Rule of thumb: If the client needs or wants access now or in the future to their scenario’s, give them their own account. Who will be billed is for you to discuss with your client. You can either have them create their own account or you create one in name for them, with your client none the wiser.
Pro’s of their own account:
You can be added as App Developer and have full access to build scenario’s, with easy access from your own account.
Your client can access Make whenever.
Your client only has access to their scenario’s.
Your client can manage their own connections
If agreed upon, billing goes via your client directly. So you don’t have to follow up on costs, extra costs and invoices.
Con’s of their own account:
Client changing things on their own which breaks scenario’s (yes, I have had that happen)
They can kick you from the account (unless you are the admin who set up the account for them)
Performance and limits are according their Make plan.
Pro’s of your own account (be at least on the Teams plan):
You can manage used operations per team (create one team per client) and bill exactly what is used. (You can use Make API for this)
Priority scenario executing for all teams
Higher maximum file size
High customer support
Con’s of your own account:
I would never give access to my client
May be a hassle to migrate to a personal account later
Client must be willing to share credentials for each connection.

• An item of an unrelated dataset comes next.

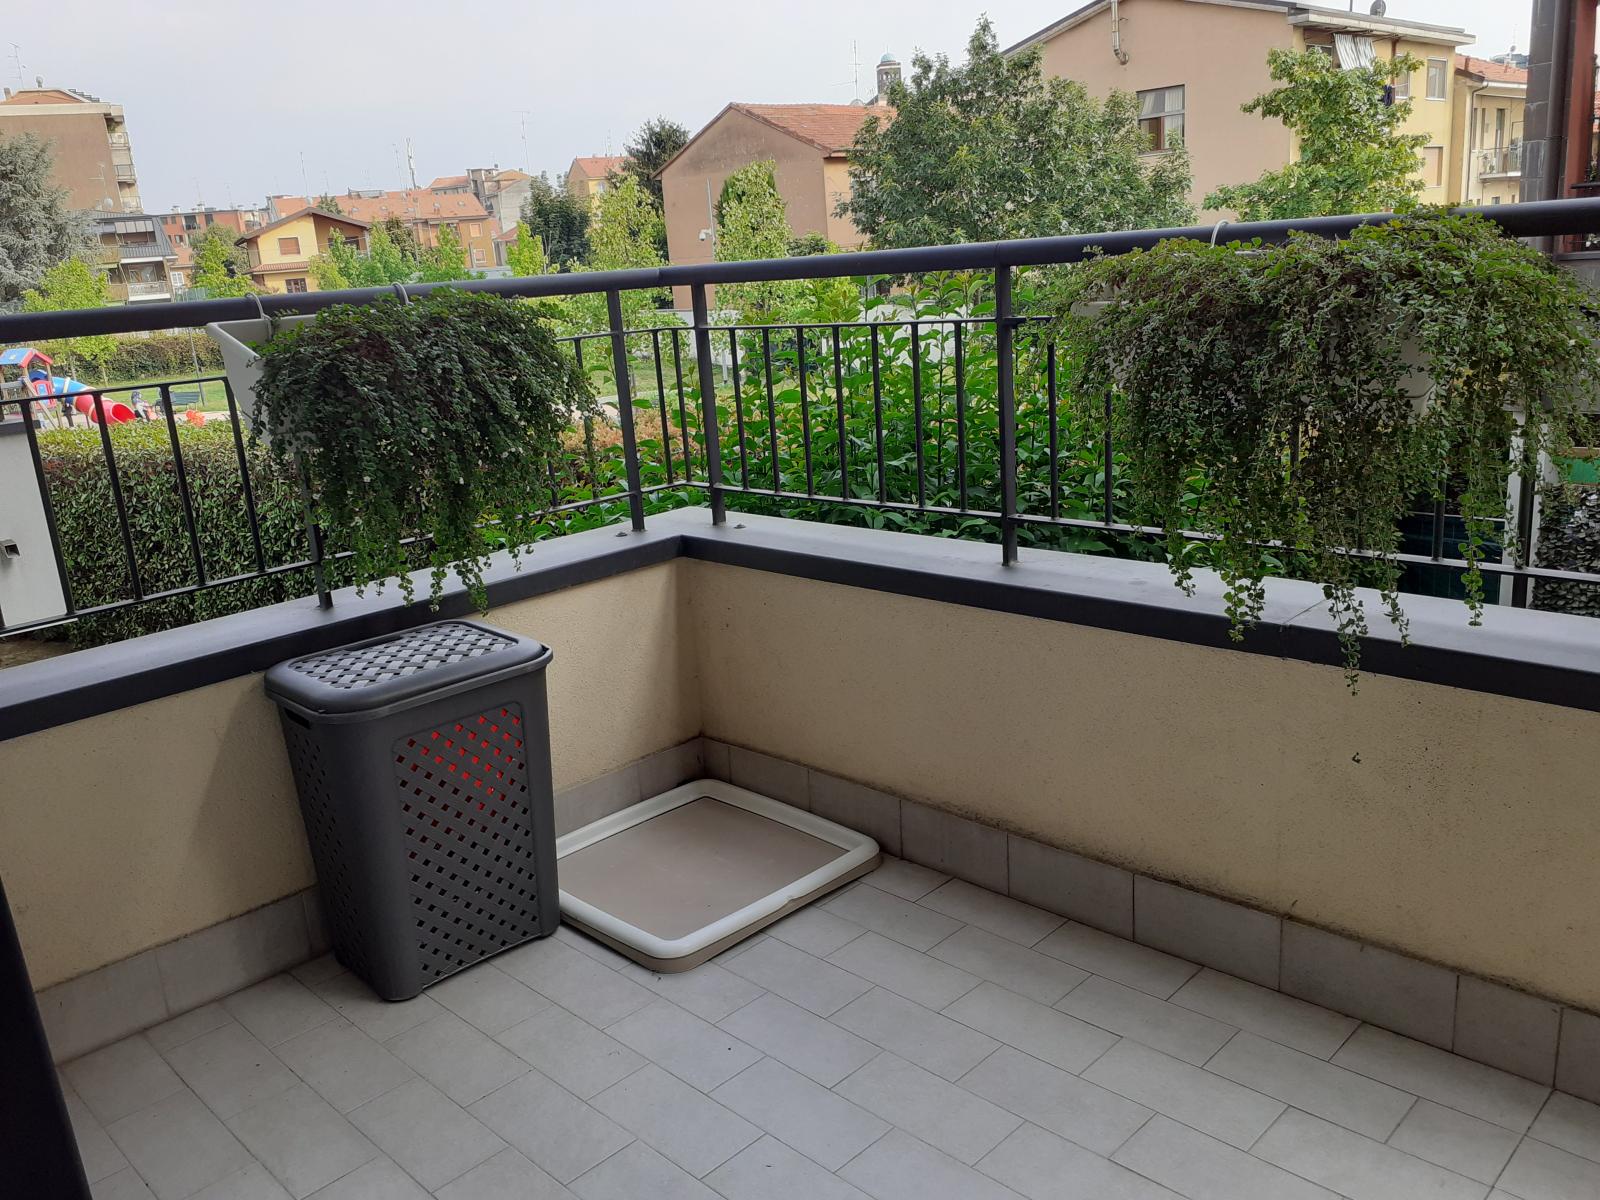 appartamento-open-space-milano-via-broggini-baggio-spaziourbano-immobiliare-vende-15
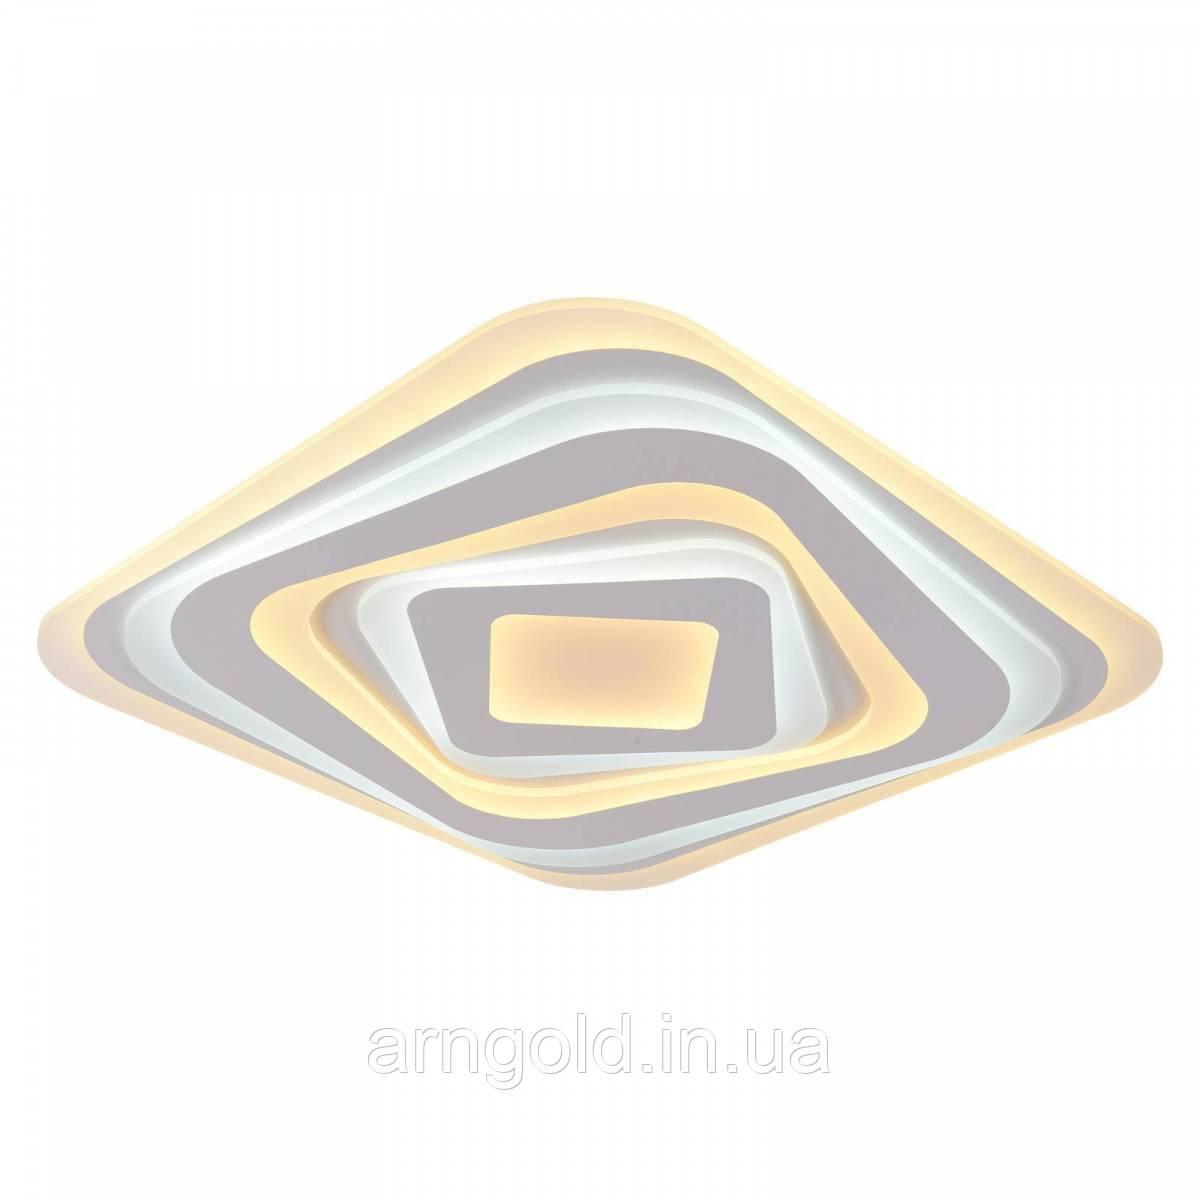 Люстра светодиодная потолочная квадрат 500мм 160 ватт 10-6704/500 (80W*2)

Too many connections with the same service can be confusing
Cost Per Operation is higher than Core and Pro plans.
If making separate accounts that means it will use have clients payment details etc. lets say the make scenario requires other paid services eg a pdf module, chatgpt etc that means we would have to get the client to sign up to these services and input payment details. Which some client might not like. How would you approach this so the client only has 1 bill? (Hope this makes sense)
Use a HTTP module from their account to hit a scenario you have crafted in your own account, (your trigger needs to be a webhook and the output returned in the webhook response).
Then you can bill them for that usage, although I just tell my client’s what software they will need in order to facilitate whatever automation I build for them prior to building anything out, and they are usually fine with it.
Yeah it’s the cost of doing business with multiple tools. You don’t want to hack their billing because untangling them from your own bill gets hairy.
There is no known solution for SaaS billing for clients as far as I know. But never ever share your plans with your clients unless your product specifically allows this.
Hi Henk,
Regarding the strategy to create dedicated accounts for clients, is there a way this could be automated using Make API?
This way would make it easy to build a workflow where the account is created and setup with some template and stuff without having to do it manually?